If we run the query without RANGE BETWEEN UNBOUNDED PRECEDING AND UNBOUNDED FOLLOWING

select LAST_VALUE(sub_element_id)
 over(order by sub_element_id),* from portmaps_table;

Output will be

1. /shelf=0/slot=4/port=6,
Test_Device_Id,
2. /shelf=0/slot=4/port=6,
OGEAtest110,07/06/2009 13:15,2017-03-02
3. /shelf=0/slot=5/port=0,
Test_Device_Id,/shelf=0/slot=5/port=0,
OGEATest_Device_Id050,07/06/2009 13:15,2017-03-02
4. /shelf=0/slot=5/port=1,
Test_Device_Id,/shelf=0/slot=5/port=1,
OGEA199999999,12/26/2009 10:24,2017-03-02
5. /shelf=0/slot=5/port=24,Test_Device_Id,
/shelf=0/slot=5/port=24,
OGEATest_Device_Id0524,08/19/2009 06:44,2017-03-02

The PARTITION BY statement is similar to the GROUP BY clause. It divides the rows into groups containing identical values in one or more partitions by columns. These logical groups are known as partitions, which is not the same term used for partition tables. Omitting the PARTITION BY statement applies the analytic operation to all the rows in the table. The [ORDER BY <….>] clause is like the ORDER BY expr [ASC|DESC] clause. The ORDER BY clause is the same as the regular ORDER BY clause. It makes sure the rows produced by the PARTITION BY clause are ordered by specifications, such as ascending or descending order.

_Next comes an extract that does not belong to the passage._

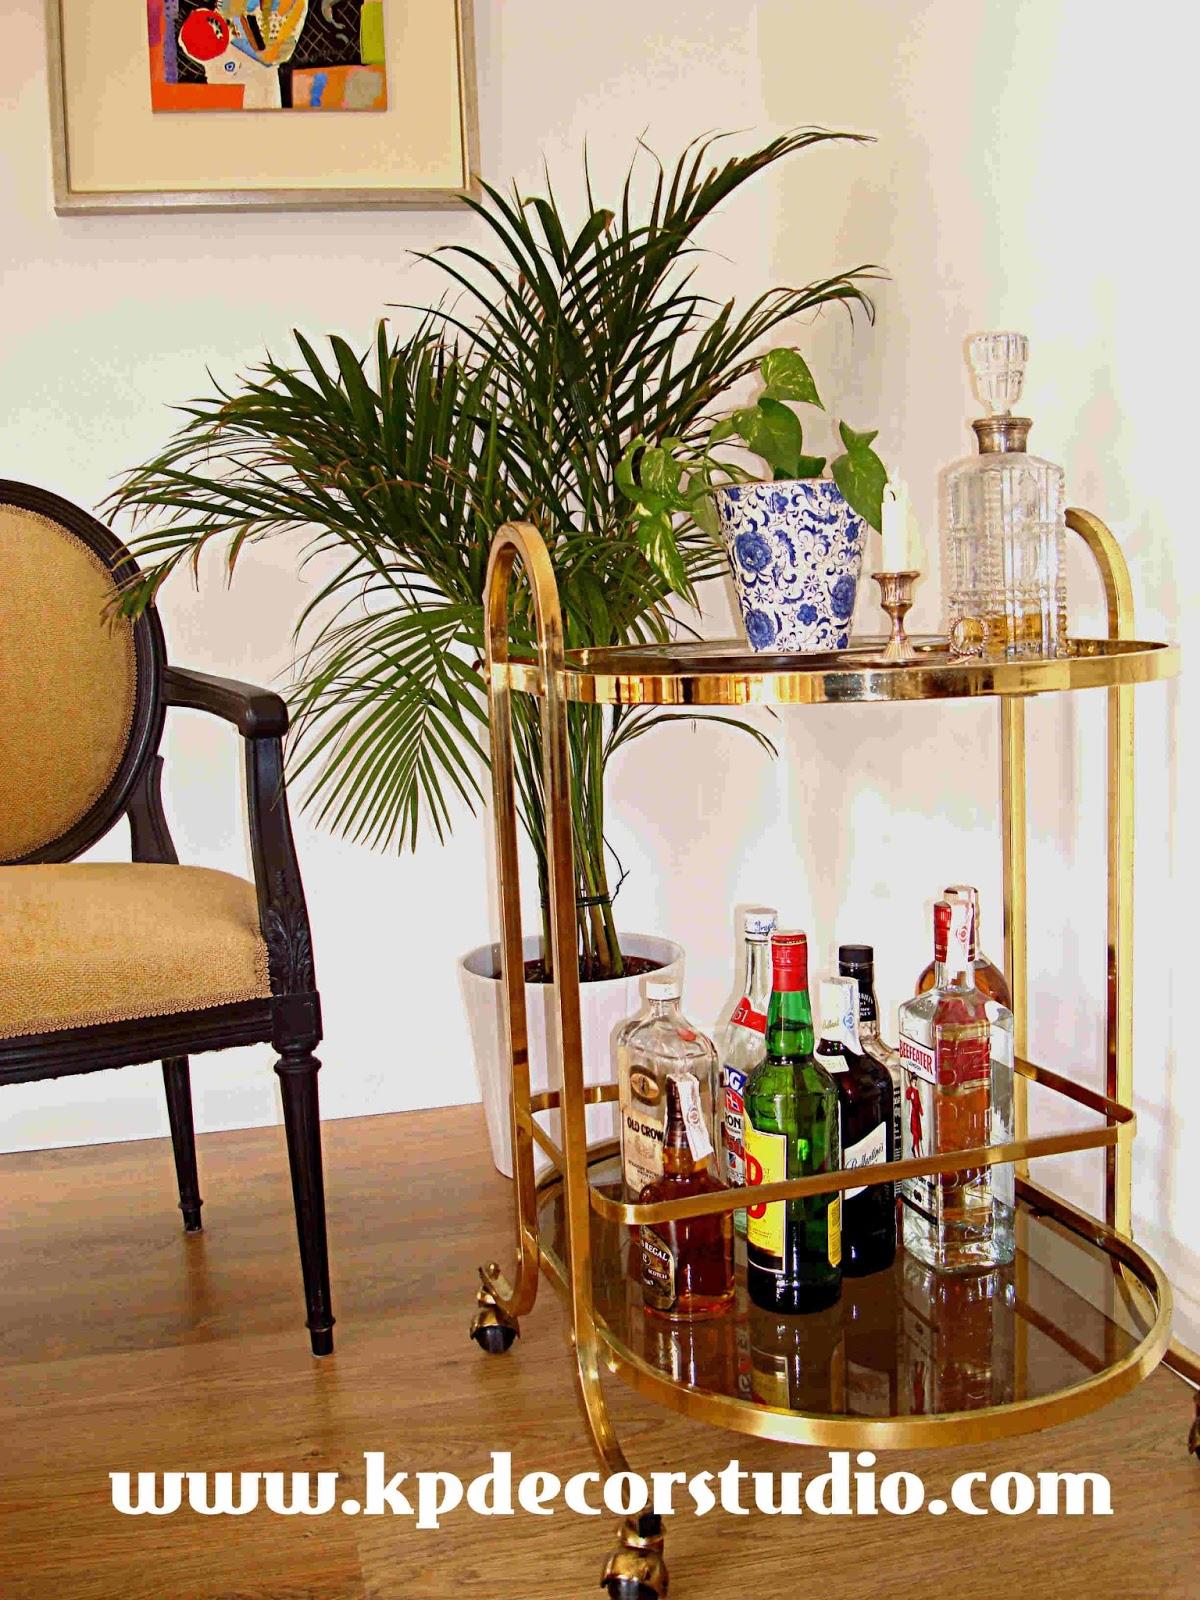 Kp decor studio decorar con camareras vintage decor for Camarera mueble
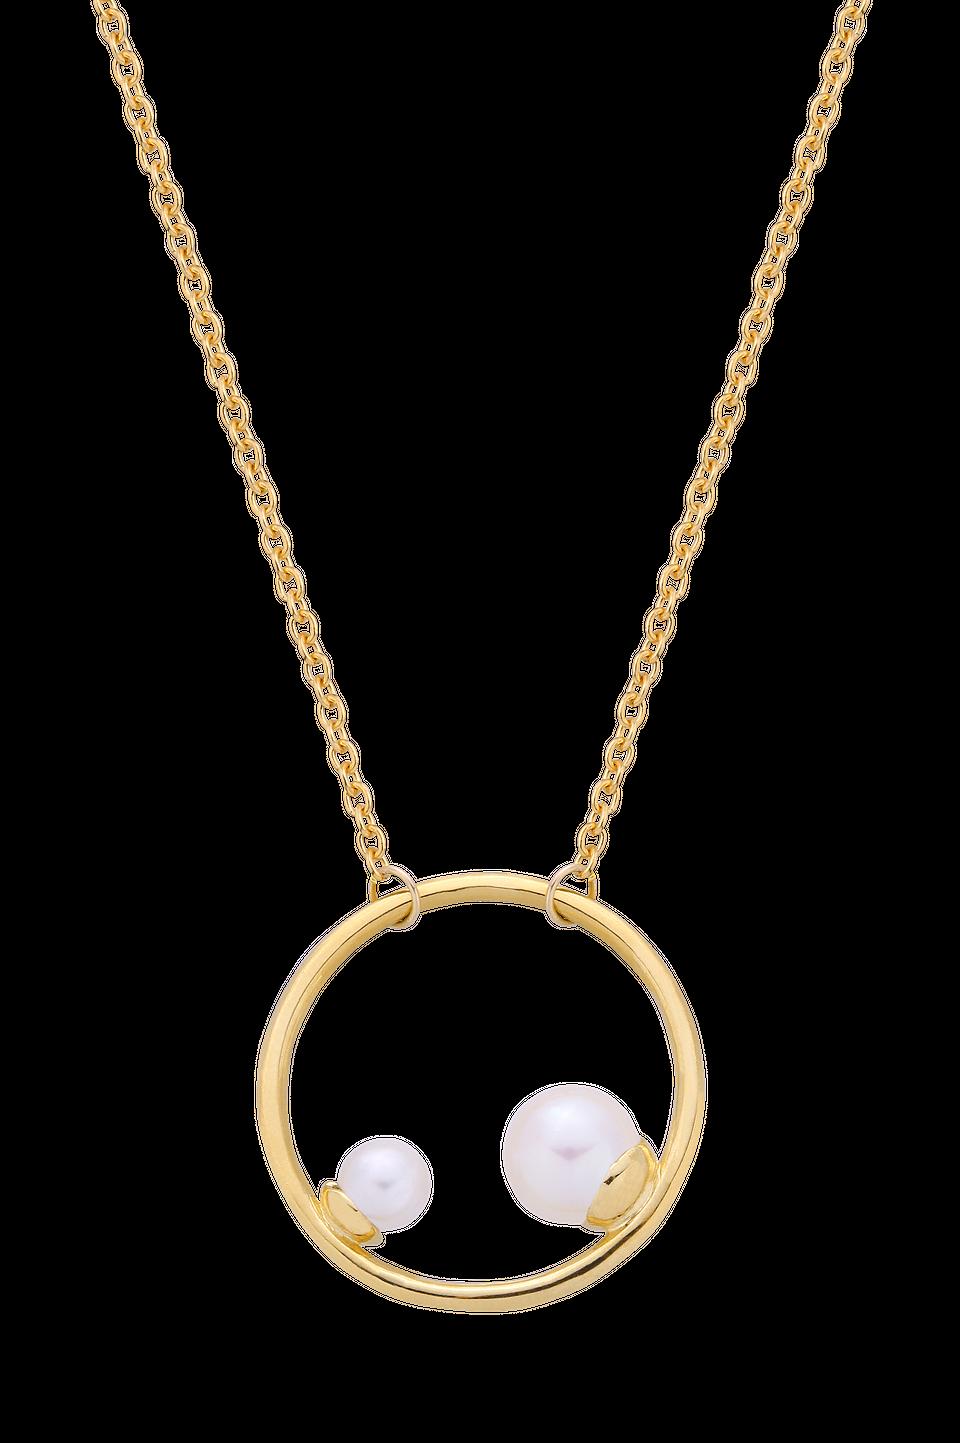 Naszyjnik z dwiema perłami w kole, 560 zł

For row type windows, the definition is in terms of row numbers before or after the current row. The general syntax of the row window clause is as follows:

ROWS BETWEEN <start_expr> AND <end_expr>

The <start_expr> can be any one of UNBOUNDED PRECEDING,CURRENT ROW and N PRECEDING or FOLLOWING
The <end_expr> can be any one of the following UNBOUNDED FOLLOWING,CURRENT ROW,N PRECEDING or FOLLOWING

BETWEEN … AND: Use the BETWEEN…AND clause to specify the start point and end point for the window. The first expression (before AND) defines the start point and the second expression (after AND) defines the end point. If we omit BETWEEN…AND (such as ROWS N PRECEDING or ROWS UNBOUNDED PRECEDING), Hive considers it as the start point, and the end point defaults to the current row.

N PRECEDING or FOLLOWING – This indicates N rows before or after the current row.

UNBOUNDED PRECEDING  – This indicates that the window starts at the first row of the partition. This is the start point specification and cannot be used as an end point specification.

UNBOUNDED FOLLOWING – This indicates that the window ends at the last row of the partition. This is the end point specification and cannot be used as a start point specification.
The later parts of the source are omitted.